> [Task item] Where a line holds the word "white", copy it from the records.

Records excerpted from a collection
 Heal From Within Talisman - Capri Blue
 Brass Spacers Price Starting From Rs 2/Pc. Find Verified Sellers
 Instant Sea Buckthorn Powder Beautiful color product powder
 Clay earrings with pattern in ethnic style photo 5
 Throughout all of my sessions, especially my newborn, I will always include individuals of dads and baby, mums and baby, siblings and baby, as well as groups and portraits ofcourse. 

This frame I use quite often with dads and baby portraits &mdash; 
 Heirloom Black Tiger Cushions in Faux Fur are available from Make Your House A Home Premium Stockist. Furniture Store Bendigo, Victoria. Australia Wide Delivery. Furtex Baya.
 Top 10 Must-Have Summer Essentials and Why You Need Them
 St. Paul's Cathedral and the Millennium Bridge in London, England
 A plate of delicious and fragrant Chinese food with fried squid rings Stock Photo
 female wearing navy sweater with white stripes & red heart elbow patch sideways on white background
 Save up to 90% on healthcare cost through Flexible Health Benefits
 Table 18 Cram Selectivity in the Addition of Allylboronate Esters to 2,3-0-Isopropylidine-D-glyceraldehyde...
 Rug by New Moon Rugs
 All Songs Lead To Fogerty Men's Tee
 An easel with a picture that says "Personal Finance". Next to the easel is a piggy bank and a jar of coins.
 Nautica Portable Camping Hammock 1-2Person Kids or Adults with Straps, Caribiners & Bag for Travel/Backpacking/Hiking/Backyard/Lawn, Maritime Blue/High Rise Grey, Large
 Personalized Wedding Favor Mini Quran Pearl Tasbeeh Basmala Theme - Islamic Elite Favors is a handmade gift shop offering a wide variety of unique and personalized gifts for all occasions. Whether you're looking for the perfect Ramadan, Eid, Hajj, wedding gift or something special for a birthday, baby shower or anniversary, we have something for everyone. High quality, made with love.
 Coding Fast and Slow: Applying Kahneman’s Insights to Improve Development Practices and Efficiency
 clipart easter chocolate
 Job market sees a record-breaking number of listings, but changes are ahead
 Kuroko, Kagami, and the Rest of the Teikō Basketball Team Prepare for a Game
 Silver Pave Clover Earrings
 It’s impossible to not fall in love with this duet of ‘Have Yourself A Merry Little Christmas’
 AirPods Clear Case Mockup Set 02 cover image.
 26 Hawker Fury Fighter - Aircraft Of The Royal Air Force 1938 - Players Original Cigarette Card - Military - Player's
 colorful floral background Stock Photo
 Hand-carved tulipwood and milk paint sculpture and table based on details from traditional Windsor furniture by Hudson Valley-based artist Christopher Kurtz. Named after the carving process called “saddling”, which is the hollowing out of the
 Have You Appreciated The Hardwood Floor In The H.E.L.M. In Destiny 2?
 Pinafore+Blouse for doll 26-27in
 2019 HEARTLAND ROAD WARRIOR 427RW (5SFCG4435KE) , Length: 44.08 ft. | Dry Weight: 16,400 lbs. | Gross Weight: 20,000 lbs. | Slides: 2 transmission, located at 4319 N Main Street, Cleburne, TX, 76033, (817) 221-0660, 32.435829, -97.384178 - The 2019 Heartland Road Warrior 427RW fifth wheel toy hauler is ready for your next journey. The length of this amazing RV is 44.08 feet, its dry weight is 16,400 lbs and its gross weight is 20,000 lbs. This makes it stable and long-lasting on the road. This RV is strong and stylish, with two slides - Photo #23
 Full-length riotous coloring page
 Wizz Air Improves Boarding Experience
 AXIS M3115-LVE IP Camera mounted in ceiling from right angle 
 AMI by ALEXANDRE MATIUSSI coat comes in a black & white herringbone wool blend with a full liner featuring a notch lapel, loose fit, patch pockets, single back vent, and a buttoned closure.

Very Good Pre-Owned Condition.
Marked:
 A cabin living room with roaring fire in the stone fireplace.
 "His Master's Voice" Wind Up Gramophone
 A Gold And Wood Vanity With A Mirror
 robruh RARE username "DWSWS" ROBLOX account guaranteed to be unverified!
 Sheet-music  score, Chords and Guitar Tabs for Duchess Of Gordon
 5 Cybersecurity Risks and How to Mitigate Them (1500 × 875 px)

> [Exercise result]
 female wearing navy sweater with white stripes & red heart elbow patch sideways on white background
 AMI by ALEXANDRE MATIUSSI coat comes in a black & white herringbone wool blend with a full liner featuring a notch lapel, loose fit, patch pockets, single back vent, and a buttoned closure.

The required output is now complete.